In the near and midterm, the deal won’t significantly alter the MLS landscape, Charron said. But longer term, he sees how the merger might lead to a consolidation in the MLS space, to remove the redundant fees (along with inefficiencies) that some brokerages pay whose footprints span multiple MLSs.

“I don’t think (the merger) will affect Houston Association of Realtors’ business model moving forward statewide one bit,” said Danny Frank, who served as chairman of HAR’s board of directors in 2013. HAR.com is a leader in Houston and will grow in prominence as its statewide site that it announced in March becomes established, he said.

“With the statewide launch of har.com … we’re going to fortify our base even more, which will make it even stronger in the eyes of the consumer,” Frank said.

“Now under one brand name I think the (ad prices on Zillow) will go up,” said Frank, who also serves as vice president of sales for Houston-based Coldwell Banker United, Realtors. “Every agent needs to justify for themselves what they are willing to pay for a lead,” he said.

“That’s the $3.5 billion question,” Frank said. “You’re just buying advertising.” People don’t understand that Zillow isn’t a real estate company — it’s an advertising company, he added.

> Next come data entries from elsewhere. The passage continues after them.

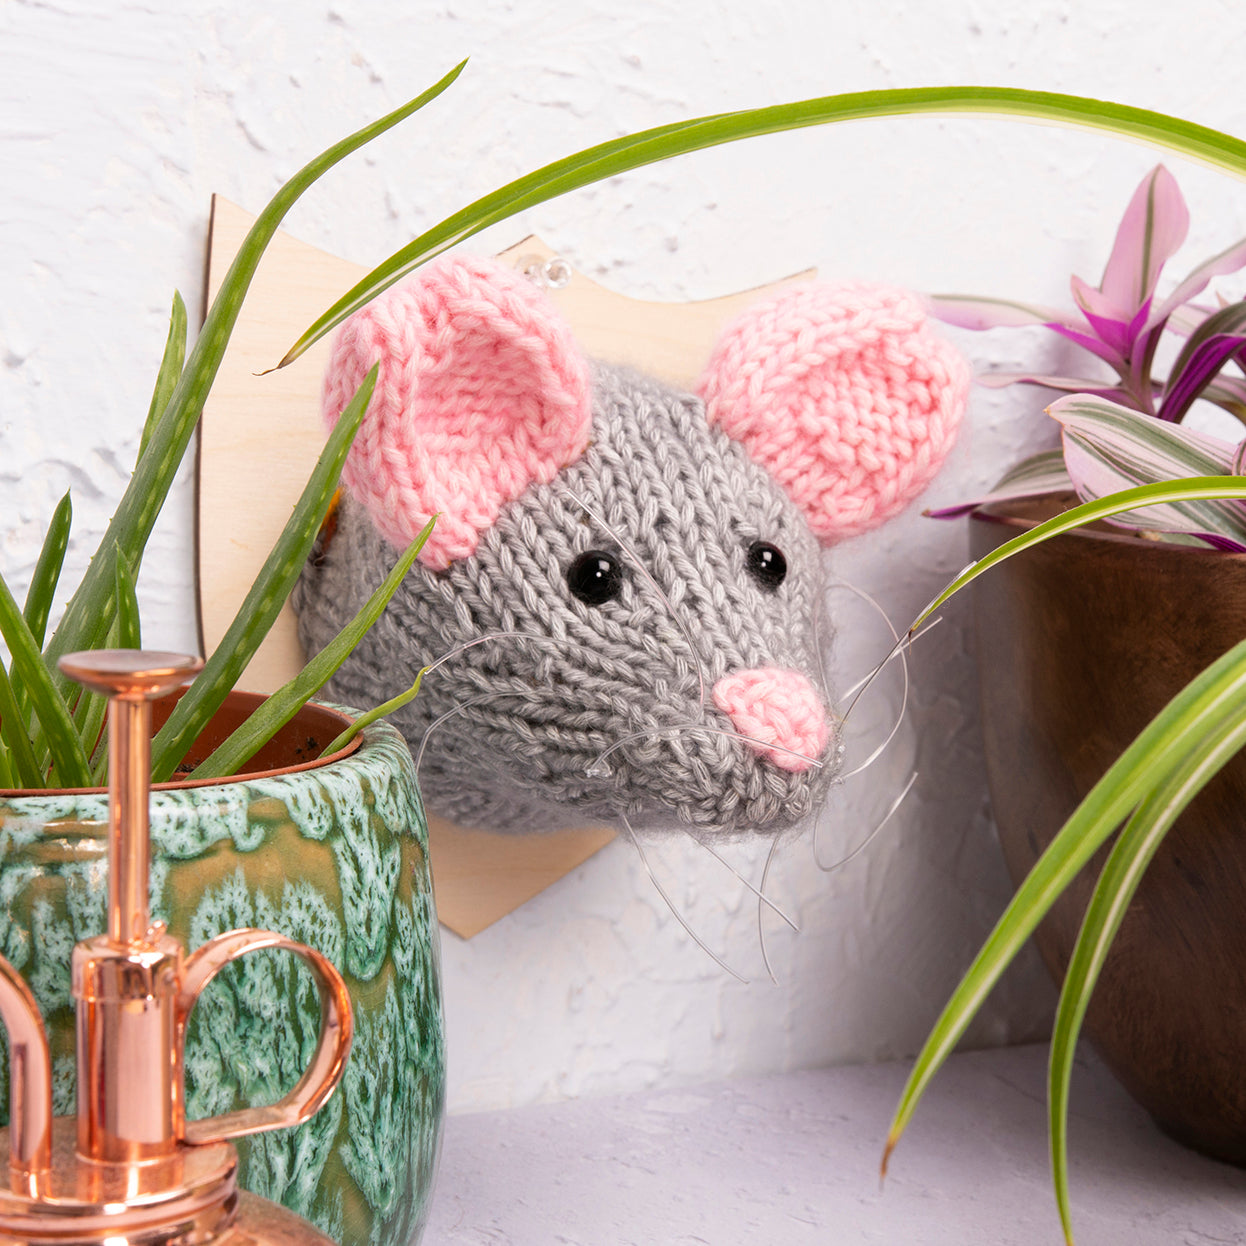 Mini Mouse Head Knitting Kit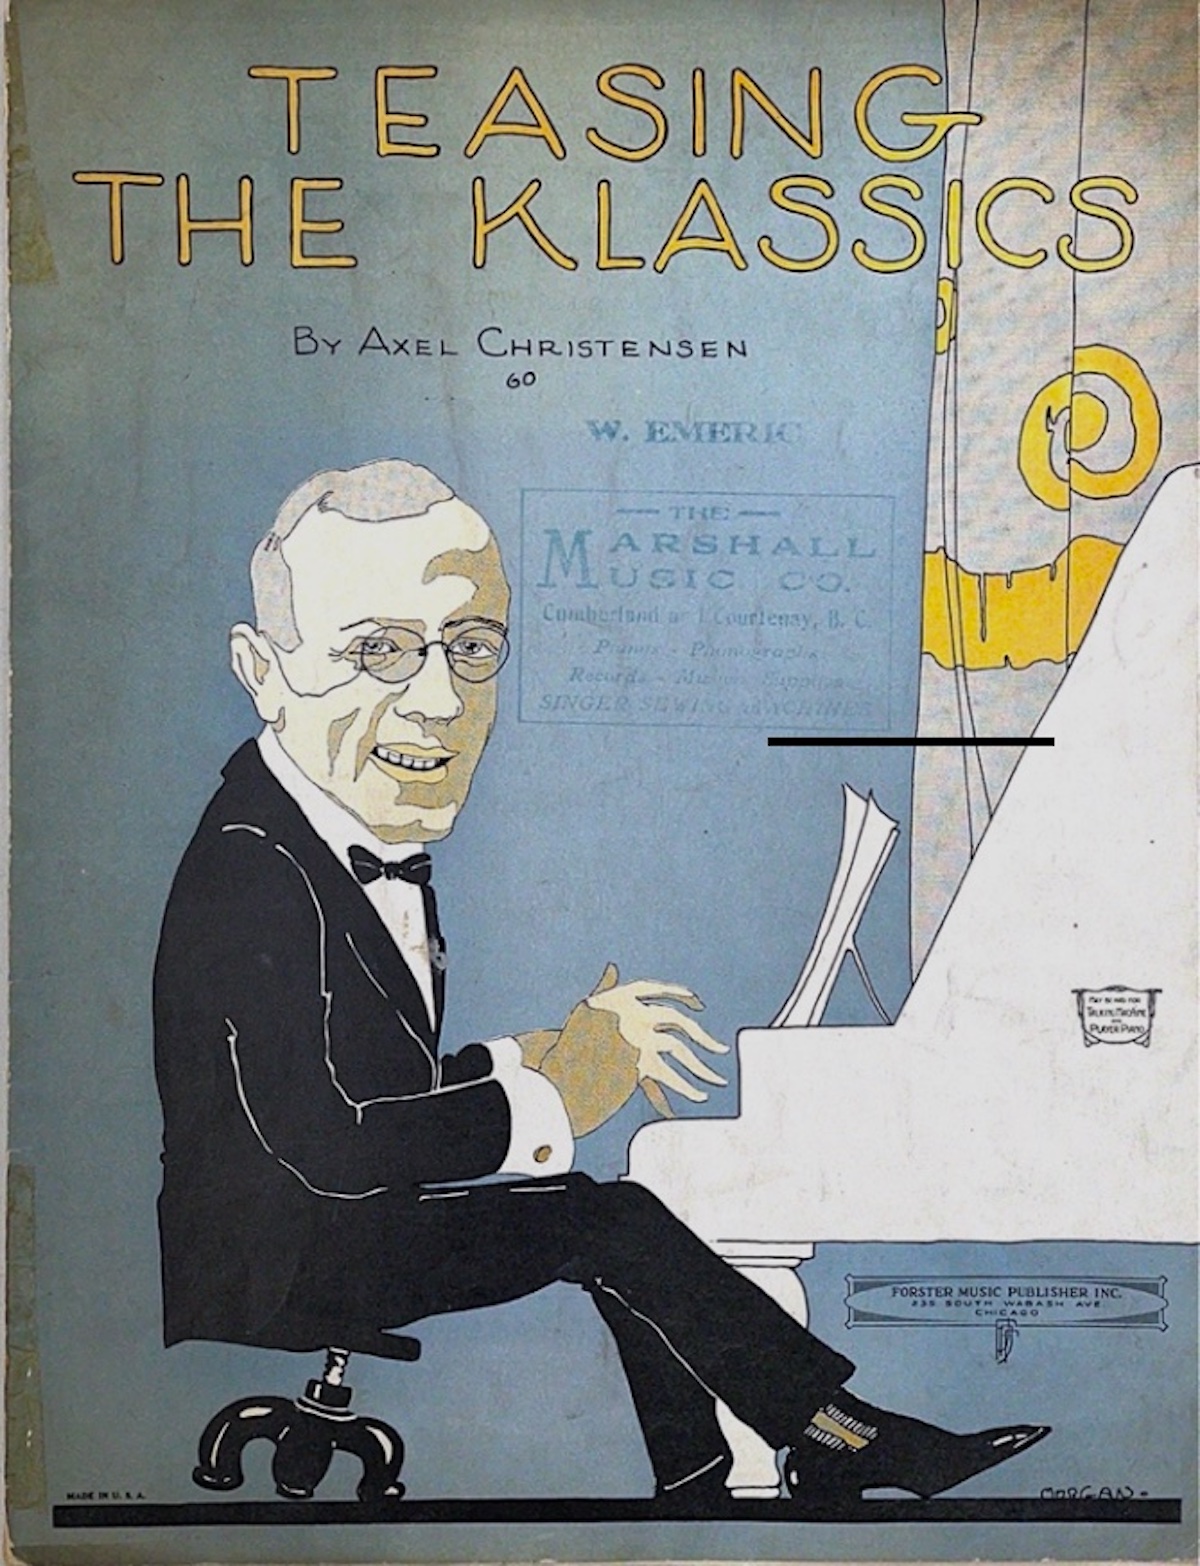 Sheet music cover for Teasing the
                          Klassics (Axel Christensen)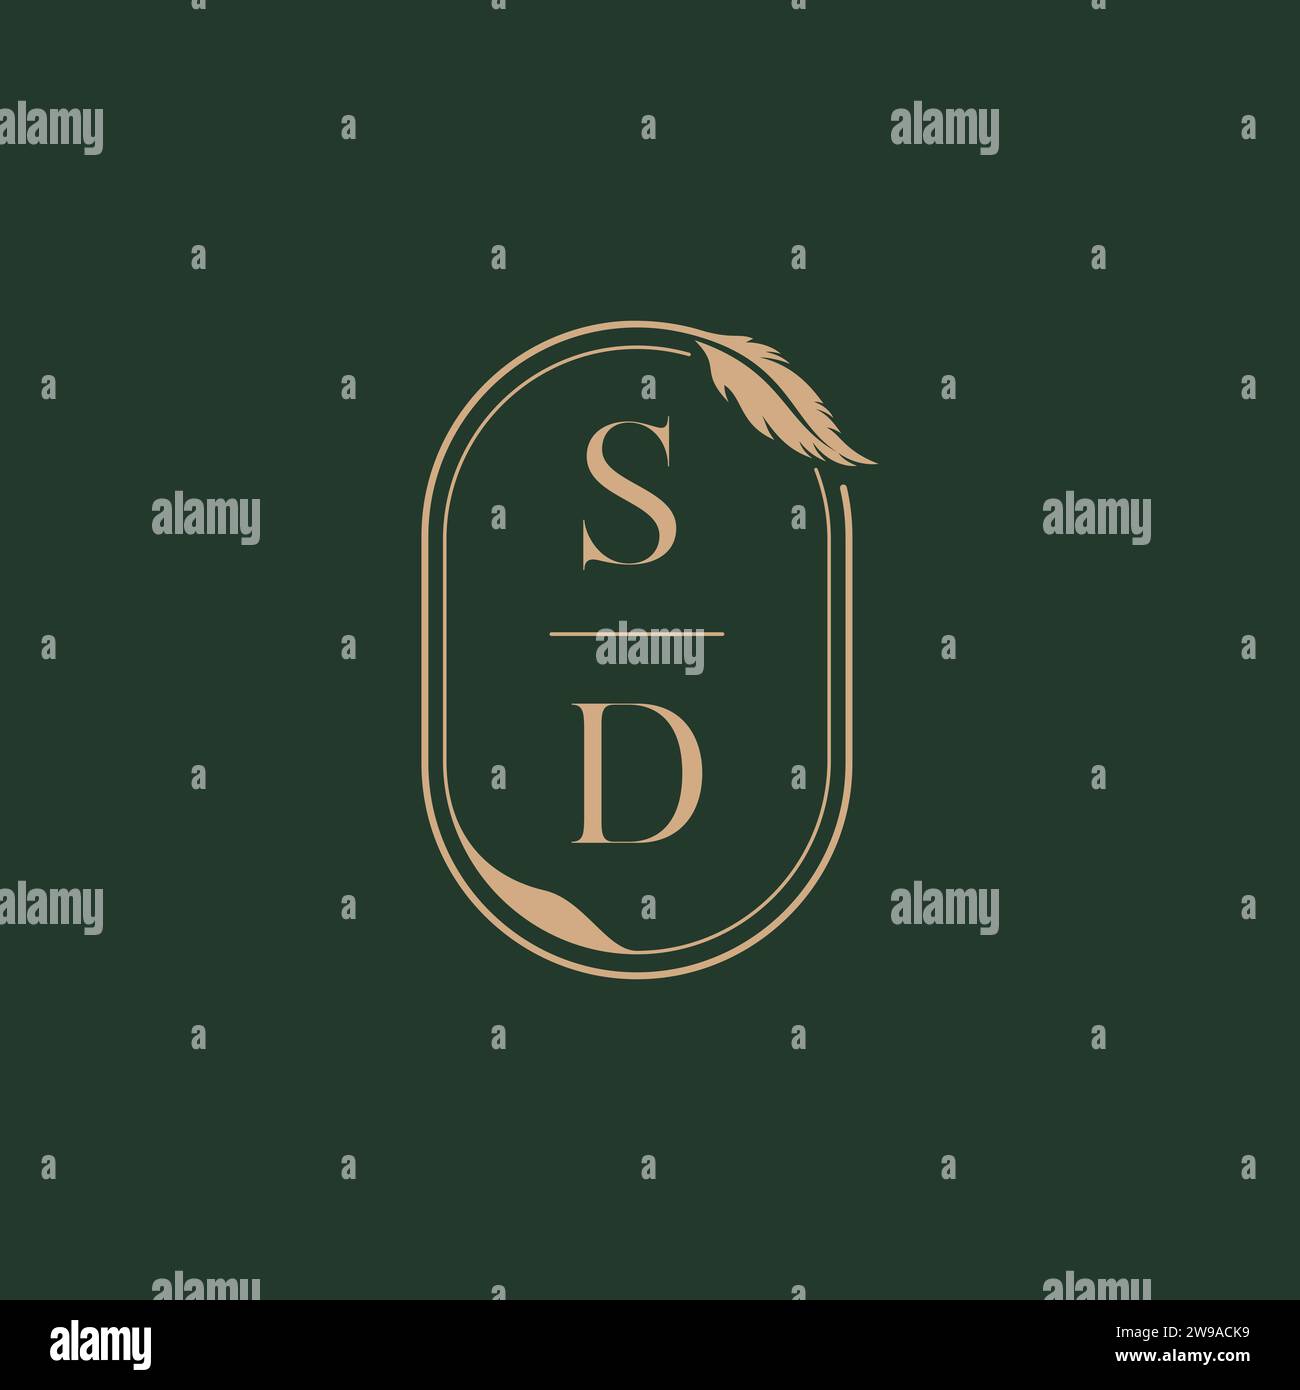 SD feather concept wedding monogram logo design ideas as inspiration Stock Vector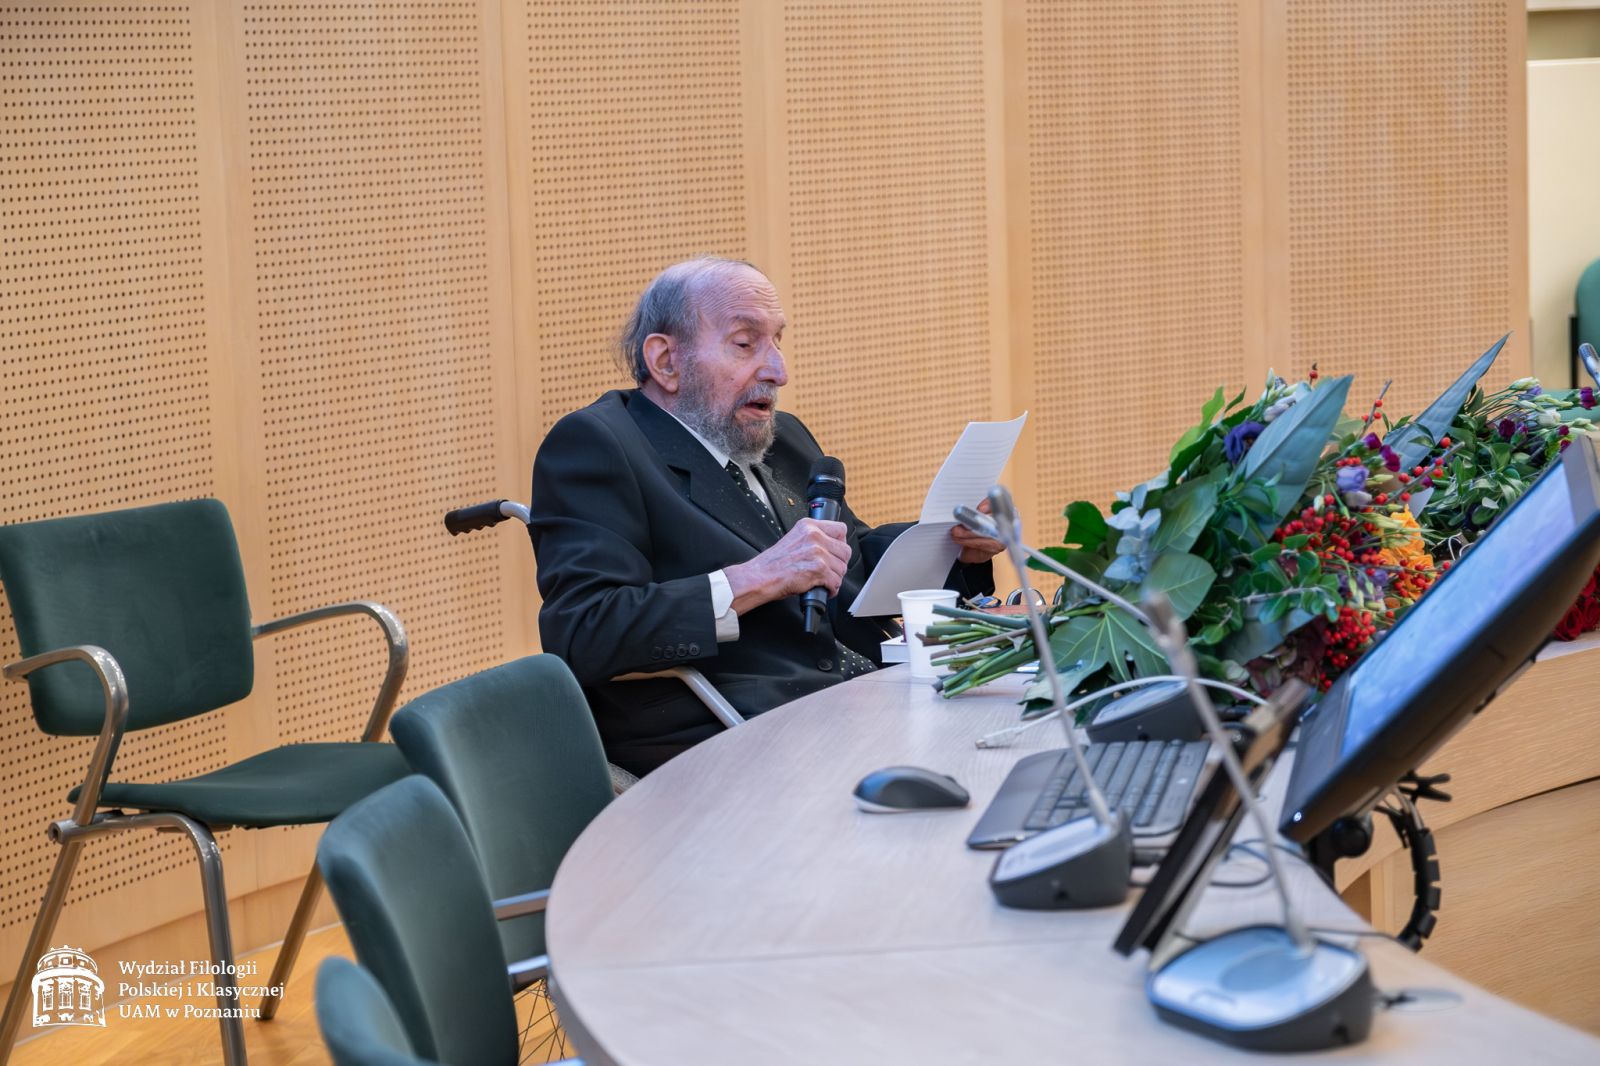 Profesor Tomasz Lewandowski siedzi w wózku inwalidzkim za stołem prezydialnym w Salonie Mickiewicza, przemawia do mikrofonu, posiłkując się kartką.

Kipp Cooper, CEO of North Alabama MLS, says that he doesn’t think the coming mega-portal will provide competition for the new public-facing website his MLS is rolling out later this week at valleyMLS.com.

North Alabama negotiated direct-feed agreements with Zillow, Trulia and Homes.com when it rolled out a new syndication platform from Bridge Interactive Group in October. The portals send links back to the MLS’ website as part of those agreements.

“With our link-back agreements with both Zillow and Trulia, we anticipate our valleymls.com traffic to significantly increase to well over 5 million page views per month,” Cooper said.

Agent reactions

Anthony Schippa, a sales associate at Remerica United Realty, thinks that the merger could help “strengthen the opportunity” for Zillow to deal a death blow to MLSs.

Although Zillow has always denied that it has any plans to replace the MLS, the portal’s recent introduction of “coming soon” listings has revived speculation that company leaders might harbor such ambitions.

The only thing that differentiates Zillow from an MLS now is that listing agents don’t have to make offers of compensation to agents who bring buyers to a deal, Schippa said.

Even if Zillow doesn’t want to replace the MLS, the listing portal could still render it irrelevant, said Aldo Figueroa, an agent at Monkton, Maryland-based Riley and Associates Realtors.

“If it becomes an MLS its probably because homeowners start listing their houses there,” Figueroa said. MLSs “are not going to be able to do much about it.”

Geoff Bray, owner of Bray Homes of Wayzata, MN Re/Max Results, agreed.

“If Zillow or Trulia control the listing content, they will control the consumer. If they control the consumer, then the agent needs to figure out how to stay relevant,” Bray said. “Is this finally the tipping point that consumers will have just as much information as the agents?”

Robert Beilenberg, who runs the two-person firm Beilenbarg & Associates with his wife, Jani, in the Denver area, says he suspects that the merger between Zillow and Trulia will lead to an increase in ad prices.

As an advertiser on both Zillow and Trulia, Beilenberg says he received separate emails today from both firms announcing the merger.

“I’m waiting for the other shoe to drop,” Beilenberg said.

If Zillow cranks up ad prices, he says he’ll look to advertise in other places, even those he’s left behind like local newspapers and glossy advertising booklets.

Jennifer Wehner, an agent with Solutions Real Estate in Scottsdale, Arizona, also suspects that the merger between Zillow and Trulia will result in higher advertising prices.

She currently advertises on Zillow, but says if prices go up she will shift more of her ad dollars and energy from buying leads from the portals to building out marketing herself in other arenas like her website and blog.

Inman News reporters Andrea Brambila and Teke Wiggin contributed reporting to this story.